Weight loss surgery drops the risk of suffering severe COVID symptoms by 60 percent

CLEVELAND, Ohio — Bariatric surgery, a procedure obese people have to dramatically cut their weight, may also protect these individuals from suffering a life-threatening case of COVID-19. Researchers from the Cleveland Clinic say obese patients undergoing the weight loss surgery before the pandemic have a 60-percent lower risk of developing severe complications if they contract coronavirus.

Previous studies show that obesity is one of several pre-existing conditions that can make a COVID infection even worse. The others include a history of hypertension, diabetes, or heart failure.

In the case of obesity, study authors say being overweight weakens the immune system, leads to chronic inflammation, and raises the risk of developing heart disease, blood clots, and breathing problems. These are all conditions that can trigger fatal complications from COVID.
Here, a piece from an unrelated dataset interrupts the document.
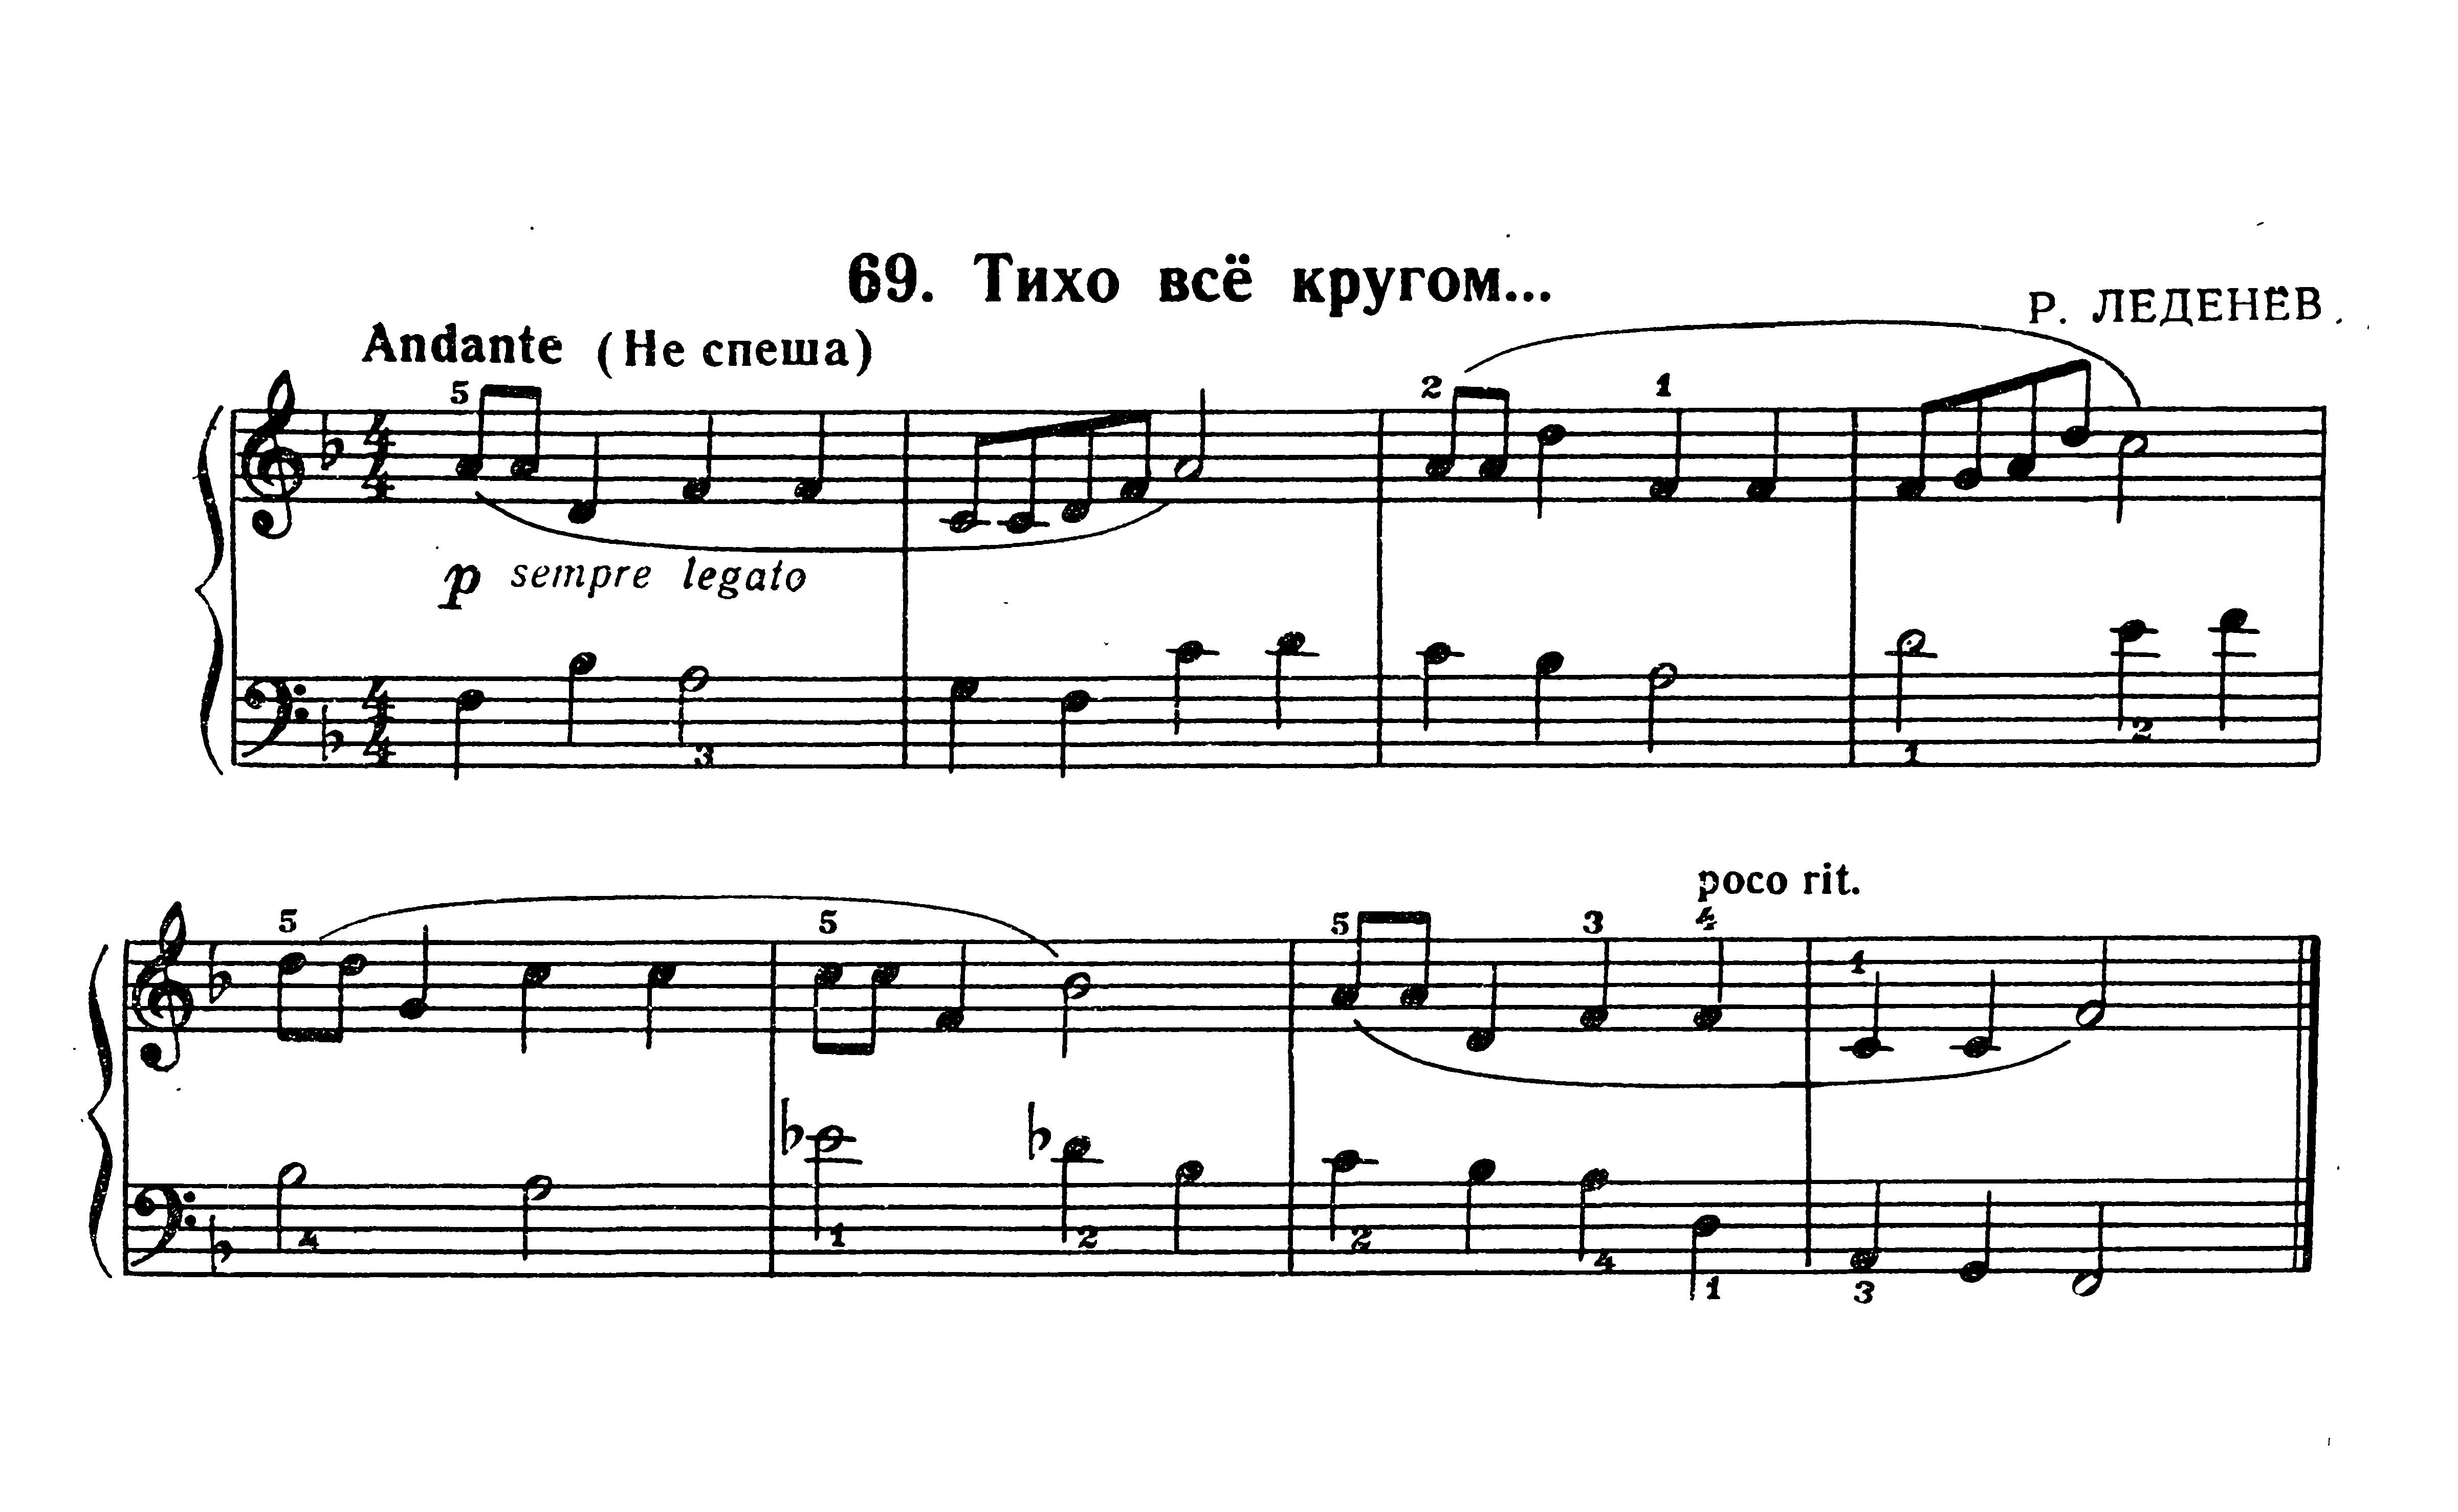 Пьесы №№66 - 100 из сборника "Фортепианная игра" (1 часть)
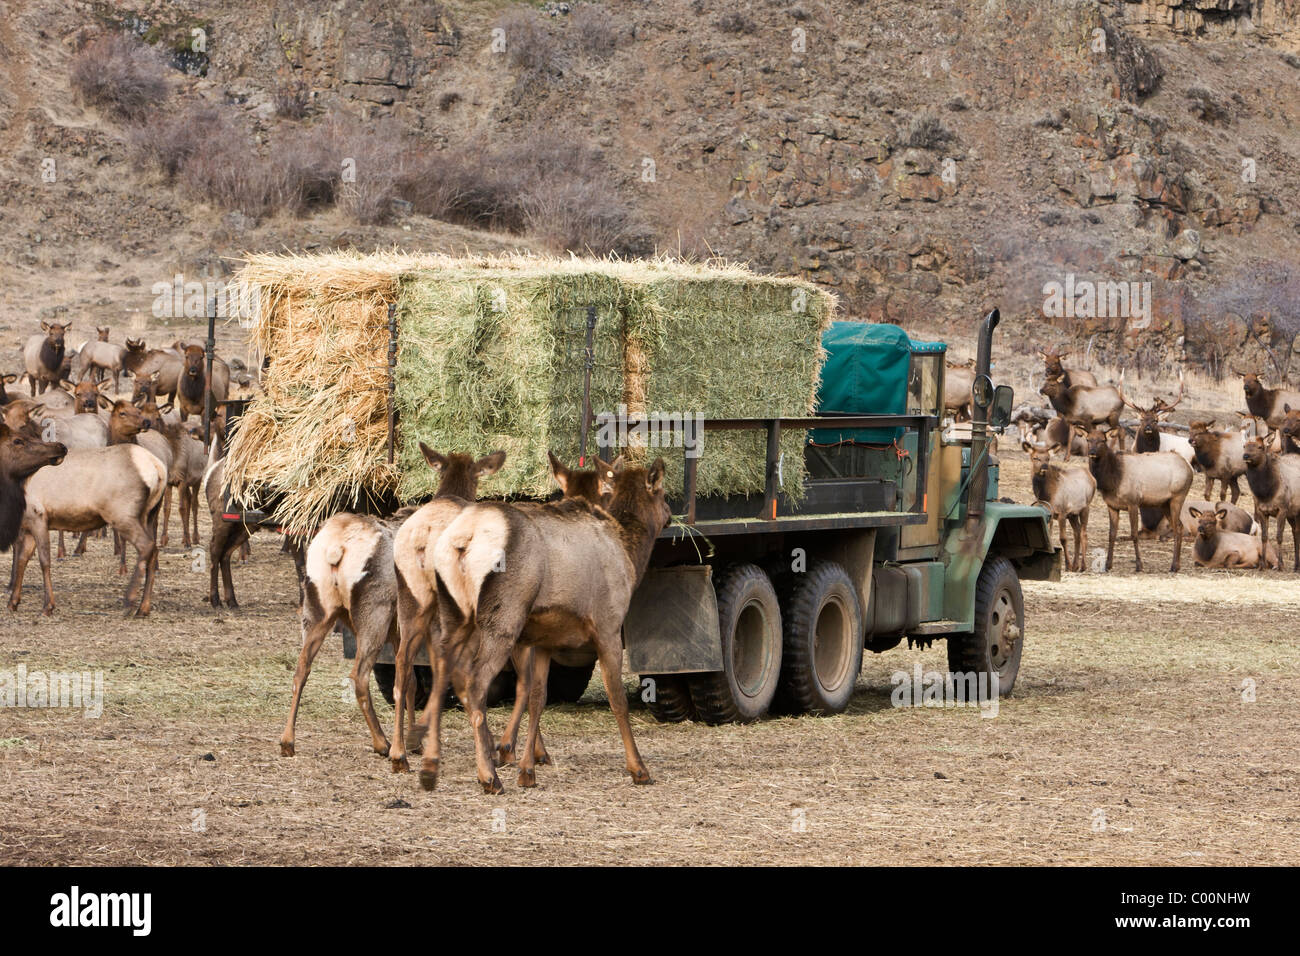 Rocky Mountain elk seguire un carrello di alimentazione a Oak Creek Wildlife Area vicino Naches, Washington. Foto Stock

With that in mind, the team wanted to see if there was a difference in COVID infection outcomes between overweight people losing weight with and without the help of surgery.

“The research findings show that patients with obesity who achieved substantial and sustained weight loss with bariatric surgery prior to a COVID-19 infection reduced their risk of developing severe illness by 60 percent,” reports Dr. Ali Aminian, lead author of the study and director of Cleveland Clinic’s Bariatric & Metabolic Institute, in a media release. “Our study provides strong evidence that obesity is a modifiable risk factor for COVID-19 that can be improved through a successful weight-loss intervention.”

Surgery won’t prevent COVID, but it may make it milder

Study authors examined over 20,000 obese patients, including roughly a quarter (5,053 people) who had a body mass index over 35 and opted for weight loss surgery between 2004 and 2017. The other 15,159 participants who opted to lose weight through other means served as the control group in the study.

For comparison, the study notes patients undergoing bariatric surgery lost 19 percent more body weight than those in the non-surgical group.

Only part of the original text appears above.